Why: lower mix = less off-policy hack pressure, closer to the real regime.
v_hack basis frozen, one_sided.
| mix | vanilla hack | projected hack | Δhack | vanilla solve | projected solve |
| --: | --: | --: | --: | --: | --: |
| 0.5 | 0.719 | 0.588 | 13pp | 0.306 | 0.256 |
| 0.25 | 0.678 | 0.556 | 12pp | 0.200 | 0.217 |
| 0.125 | 0.754 | 0.657 | 10pp | 0.261 | 0.214 |
**Answer: the gap holds, narrowing slightly as the pool thins** (13 → 10pp).

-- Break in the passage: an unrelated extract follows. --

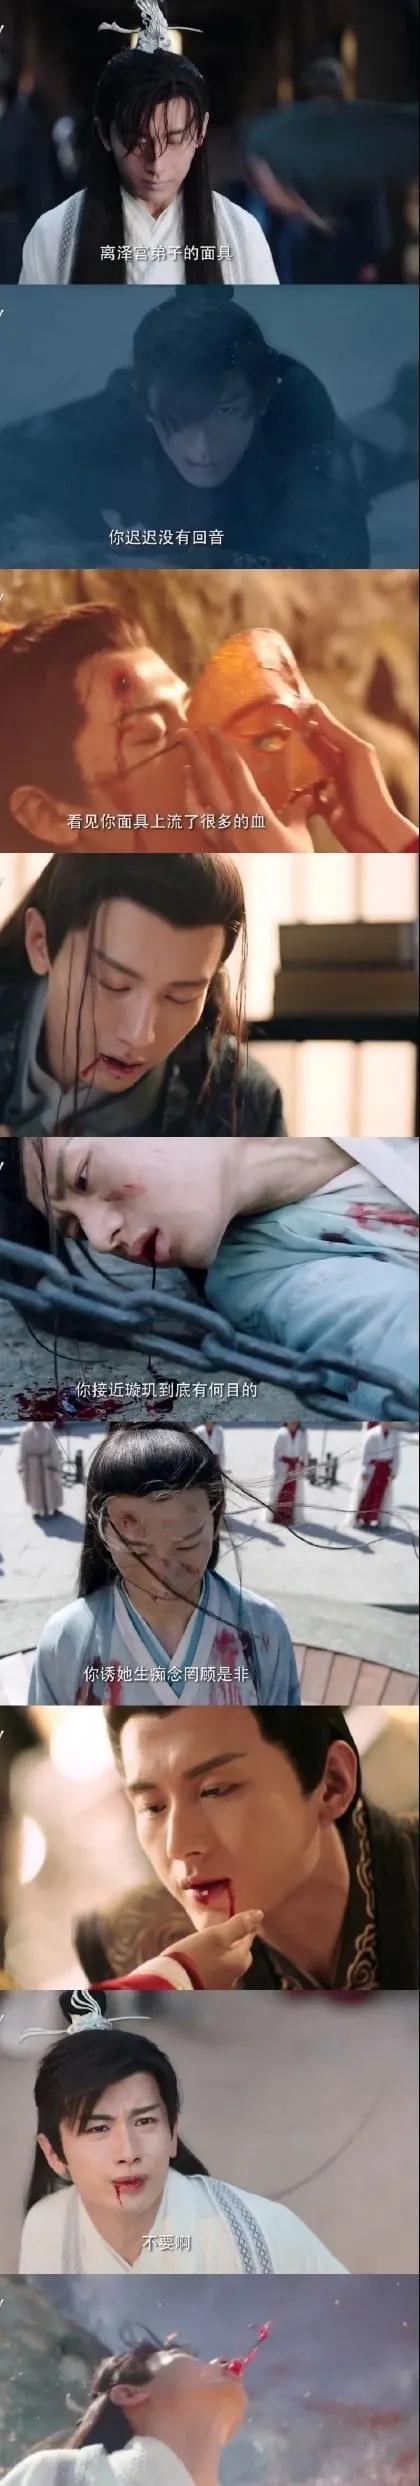 《琉璃》司凤璇玑十生十世虐恋,媳妇虐我千百遍,媳妇永远是初恋

At mix=0.25 projection even nudges solve up. The intervention isn't an artifact
of heavy teacher mixing. (mix=0.25/0.125 use v_hack_full, so not strictly
matched to the 21-pair mix=0.5 row.)
## Q7. Noise-floor cut (drop_bottom_frac) 0.25 vs 0.0?
Why: dropping the bottom-25% singular values is meant to remove noise axes.
mix=0.5, v_hack_full, frozen, n=1.
| dropf | hack | solve | seeds |
| --: | --: | --: | --: |
| 0.25 | 0.700 | 0.283 | 3 |
| 0.0 | 0.625 | 0.200 | 1 |
**Answer: inconclusive (n=1).** dropf=0 looks like a bigger hack cut but also
lower solve — same trade as everywhere, and a single seed. Needs replication
before drawing anything.
## Q8. Pair set: 18-pair vs 21-pair extraction
Why: more contrastive pairs across more axes should give a better-conditioned
basis. mix=0.5, frozen, one_sided.
| basis | hack | solve | seeds |
| :-- | --: | --: | --: |
| v_hack_full (18 pairs) | 0.700 | 0.283 | 3 |
| v_hack_21pairs (21 pairs) | 0.588 | 0.256 | 4 |
**Answer: the 21-pair basis suppresses more hacking** (0.588 vs 0.700) at a
small solve cost. Pair set/count matters and is one of the larger levers seen
here. Caveat: confounds count with the specific extra pairs, and the seed sets
differ.
---
## Open / queued (no results yet)
- **overshoot=1.1** (mild over-projection): queued (#140). Tests if removing
110% of the hack-ward component beats 1.0 without the solve cost of full
`reverse`.
- **solve-orthogonalization** (strip the known-solve subspace from D pre-SVD):
queued (#143-146), directly targets the Q2/Q3 solve cost.
- **let-it-converge** (60 steps): queued (#141-142), tests whether the gap
persists past step 20.
- **k-slice ablation** (k=1/2/5 SVD): only smoke-tested so far; no 4B results.
- **G2/G3 cross-mechanism generalisation**: queued; the load-bearing test of
whether a basis from known hacks suppresses an unknown one.